▶ [DIRECTIONS]:
Wherever a picture sits, omit it. Output the rest of the listing exactly.

▶ [DATA PROVIDED]:
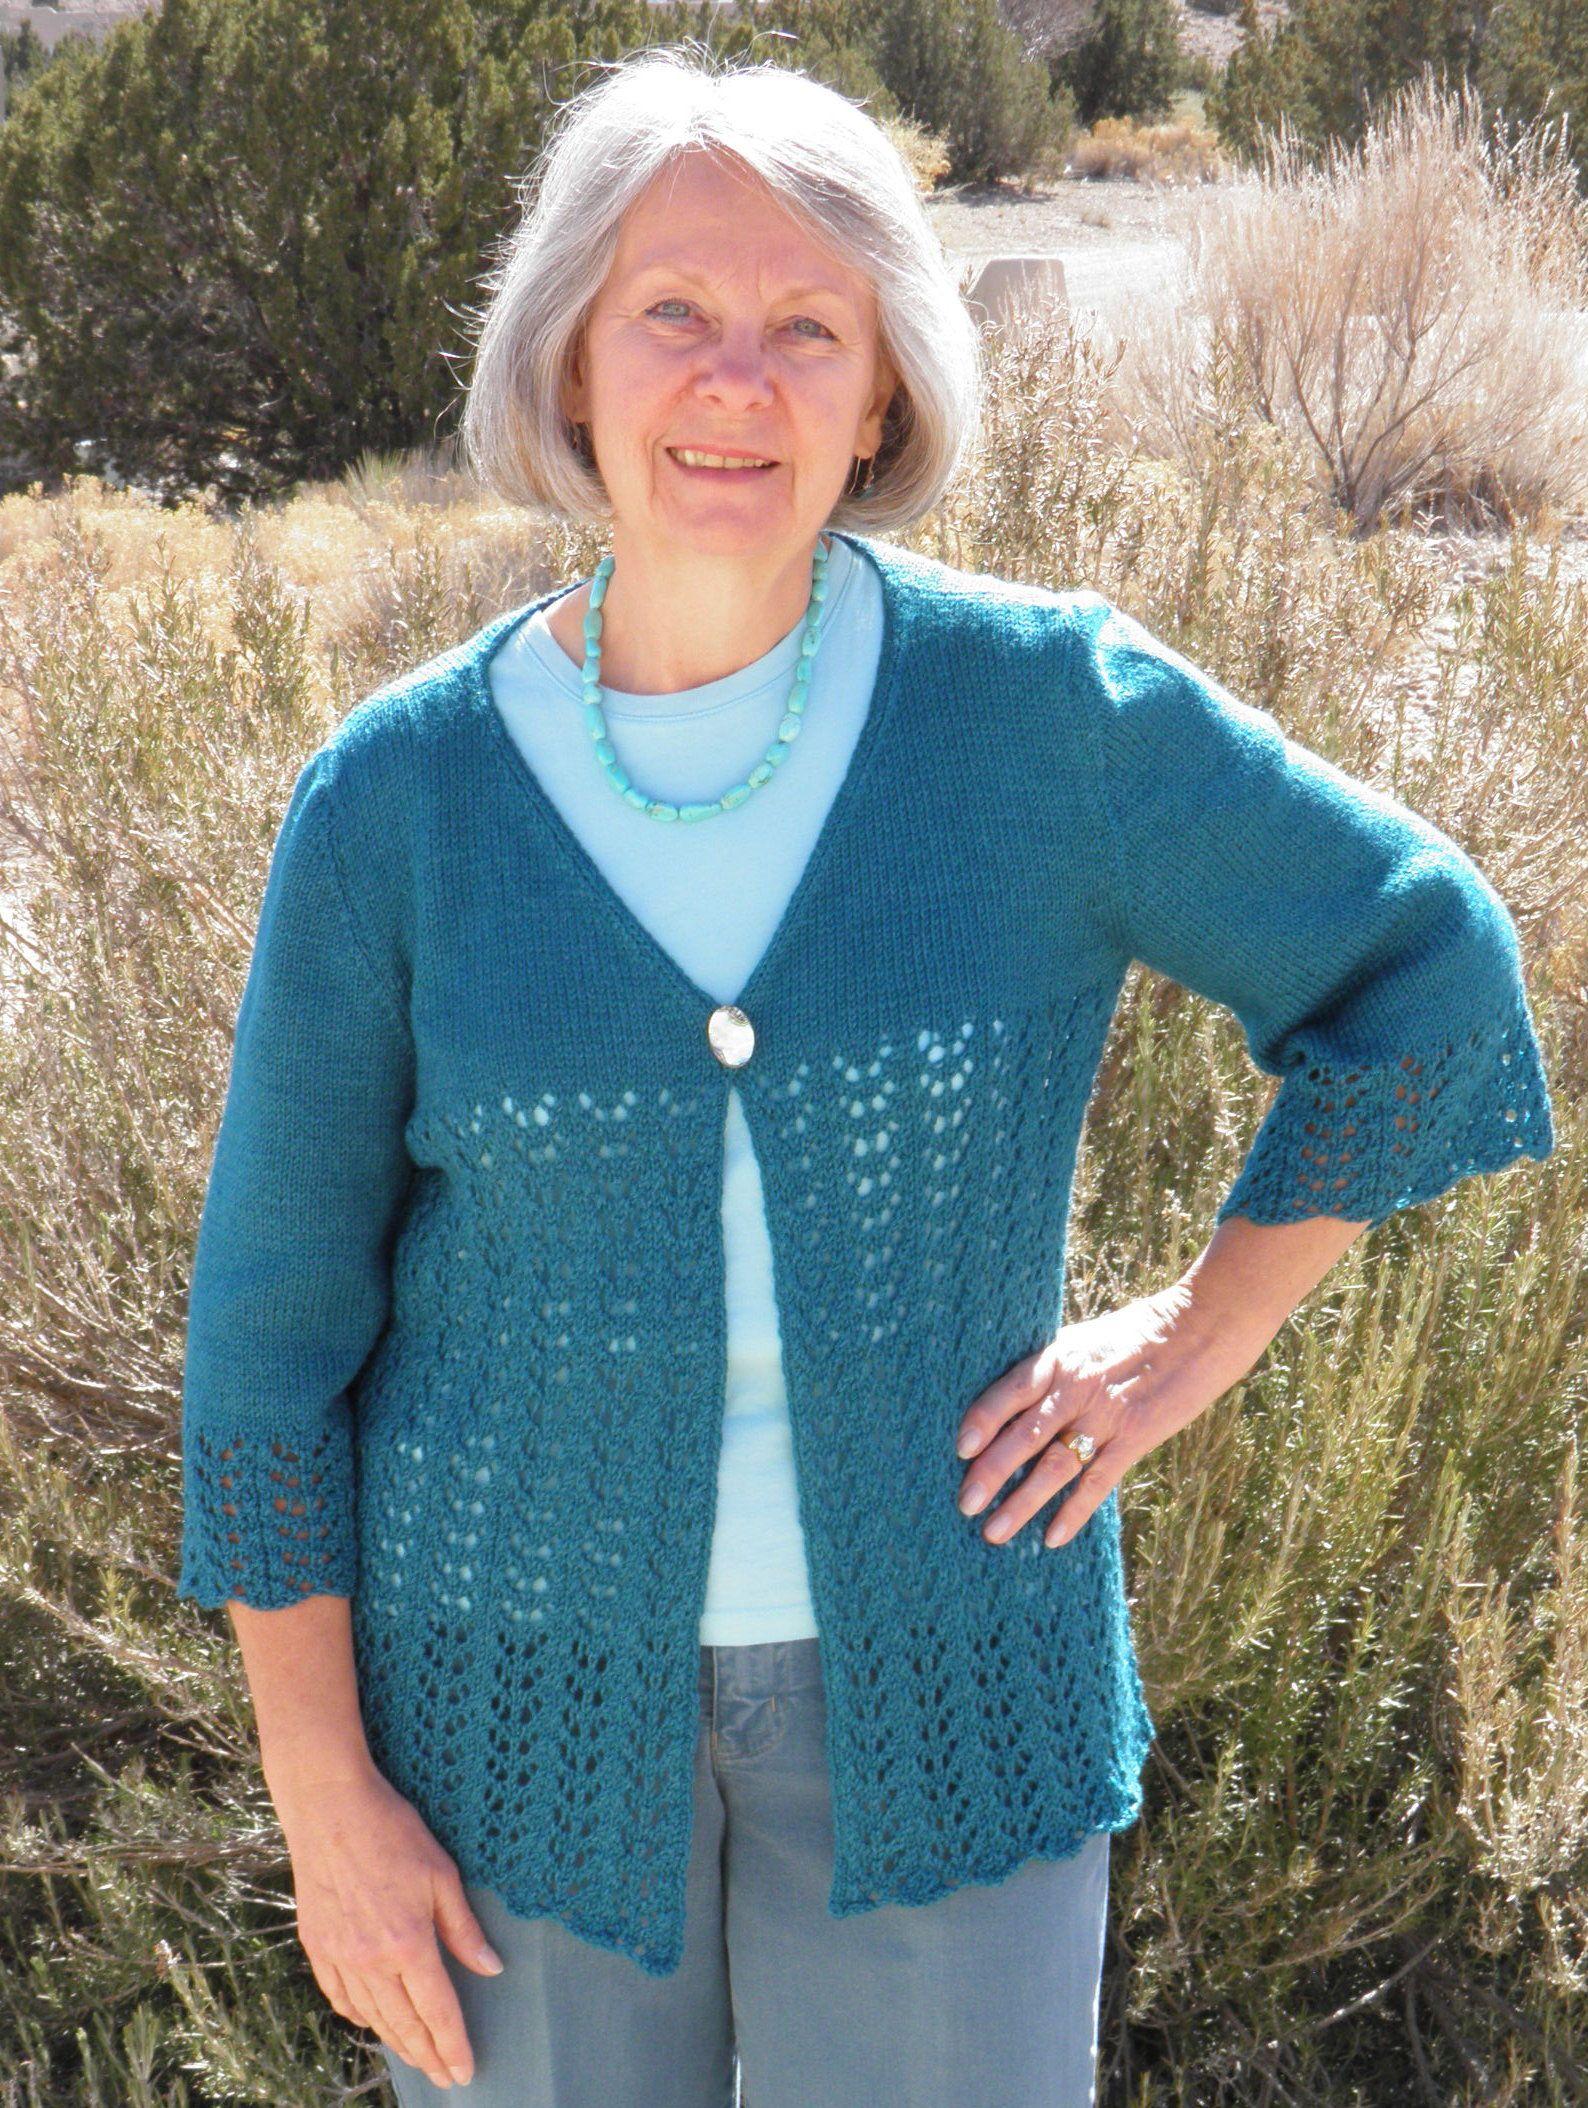 Laurel Lace Cardigan Pattern - Knitting Patterns and Crochet ...
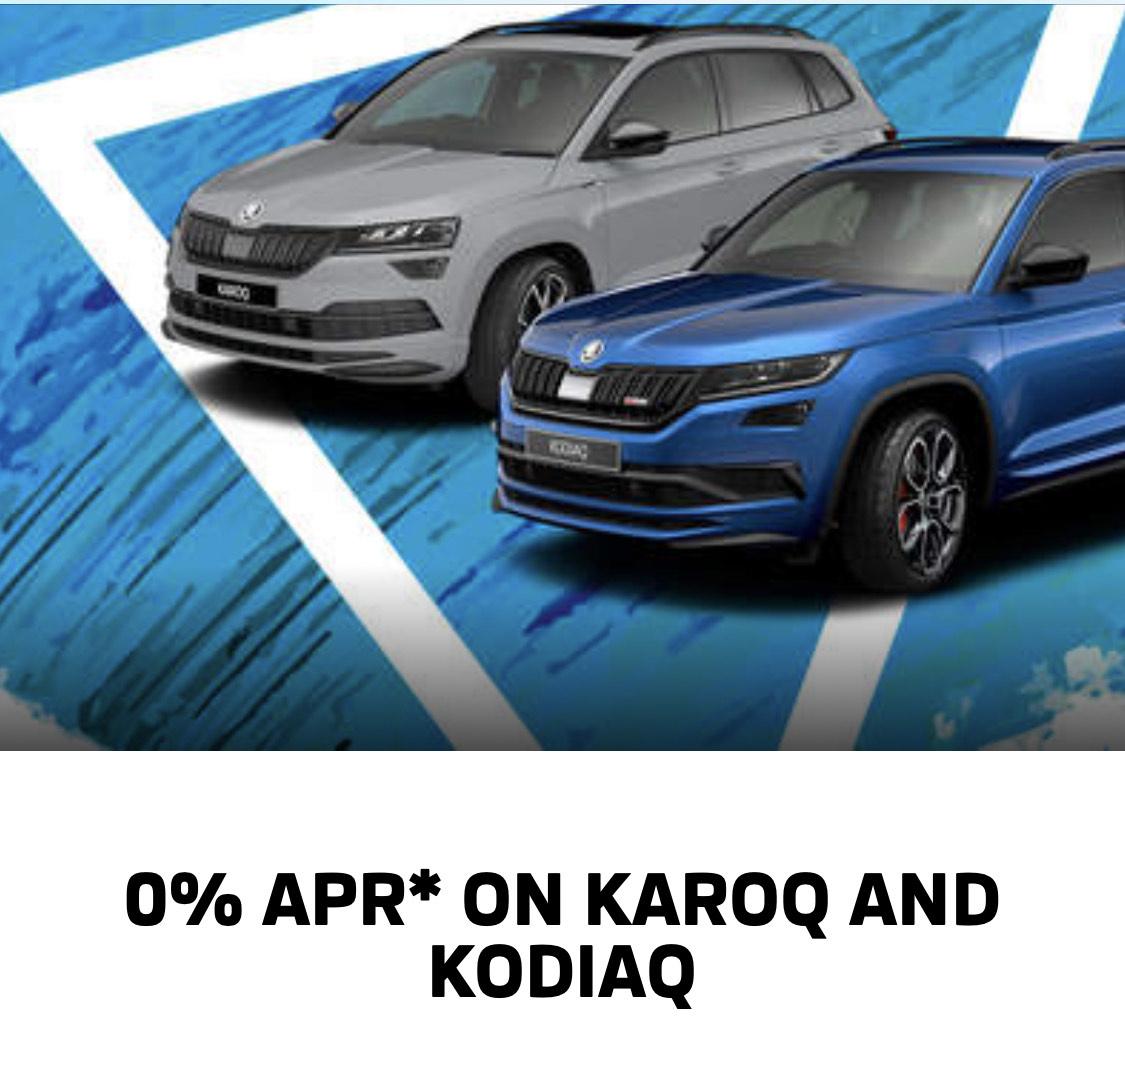 Skoda offering 0% APR ON Karoq and Kodiaq only
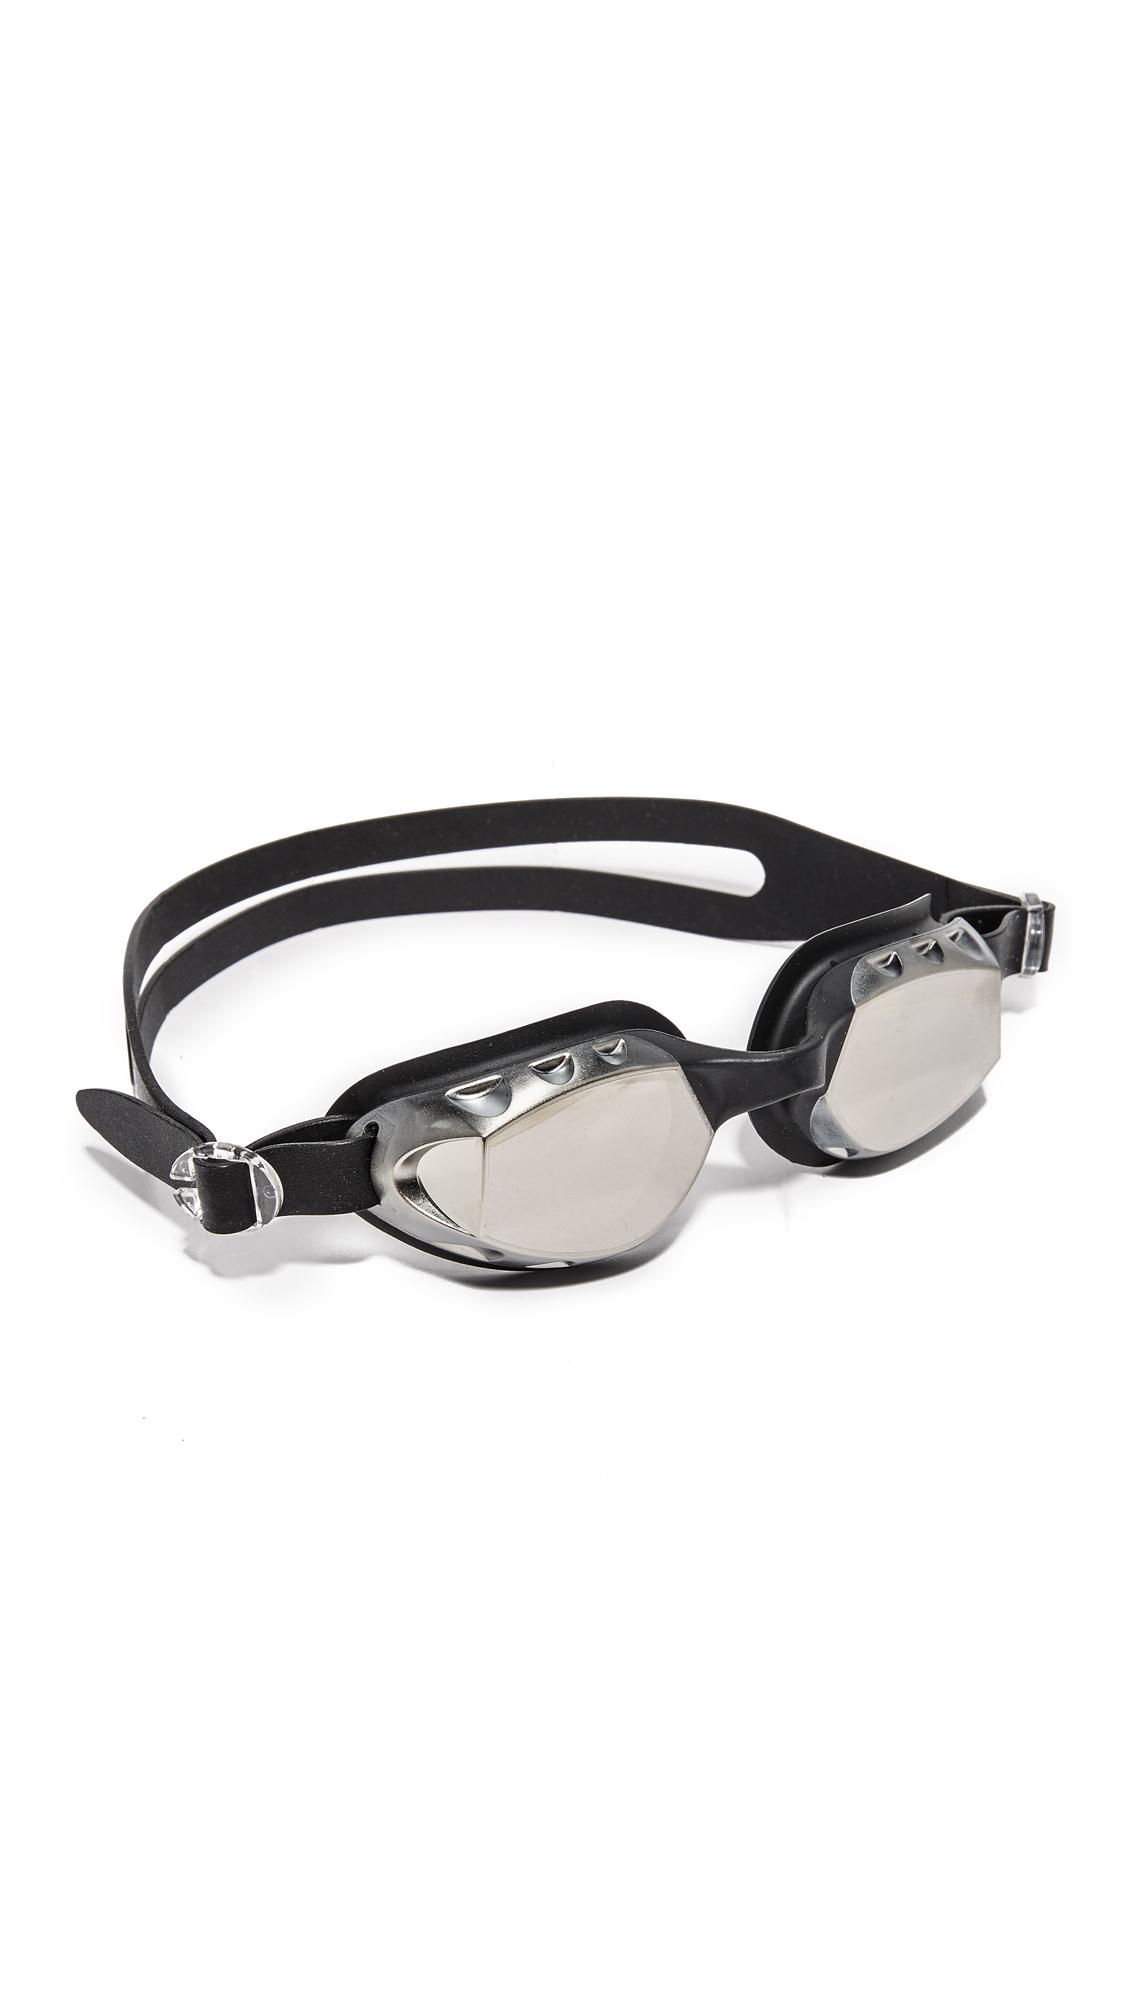 Adidas By Stella Mccartney Swim Goggles - White/Bold Blue at Shopbop
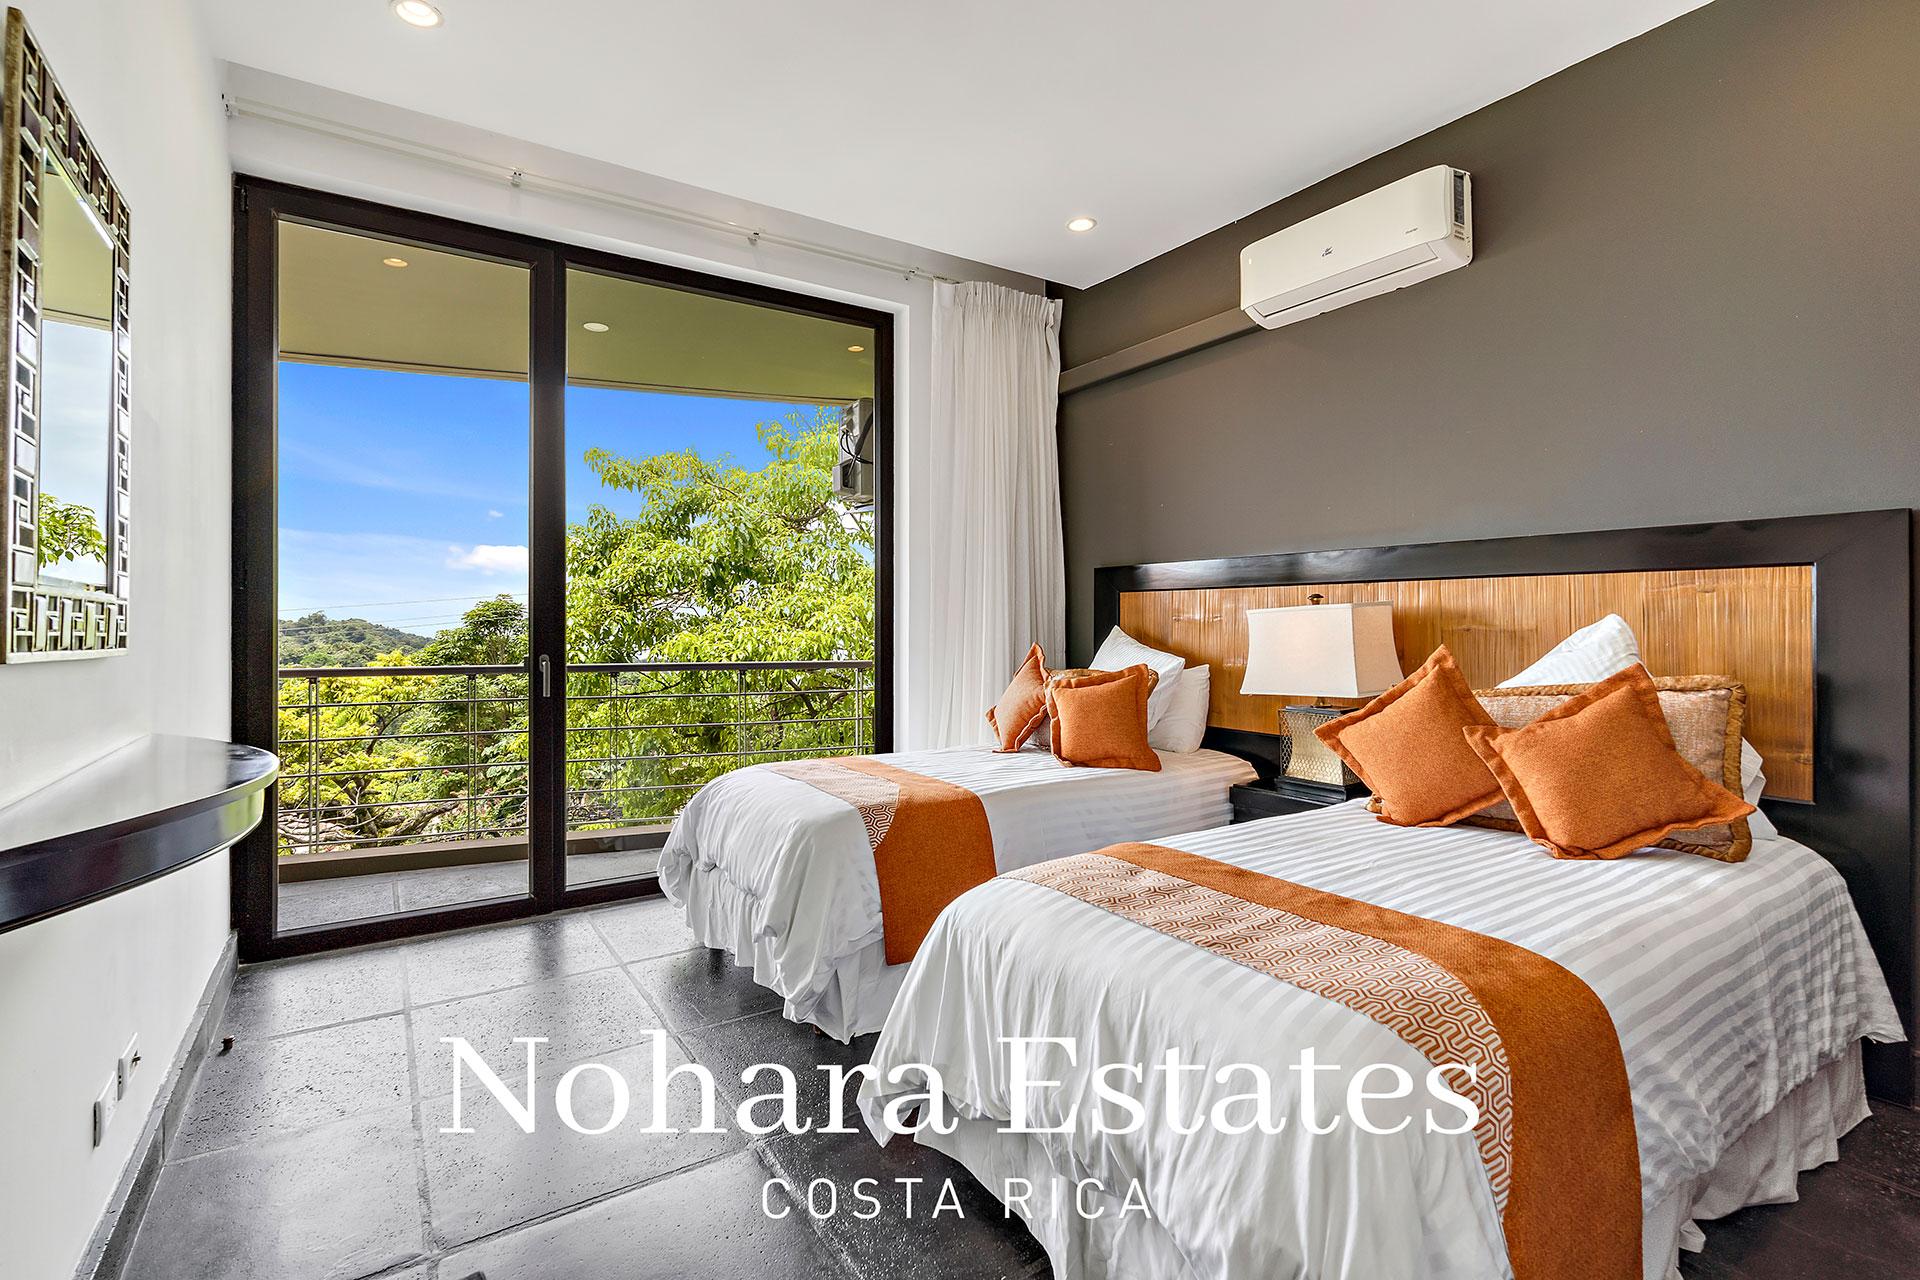 Nohara Estates Costa Rica 122 Apartment Quepos Los Altos 16

▶ [WRITTEN REPLY]:
 Laurel Lace Cardigan Pattern - Knitting Patterns and Crochet ...
 Skoda offering 0% APR ON Karoq and Kodiaq only
 Adidas By Stella Mccartney Swim Goggles - White/Bold Blue at Shopbop
 Nohara Estates Costa Rica 122 Apartment Quepos Los Altos 16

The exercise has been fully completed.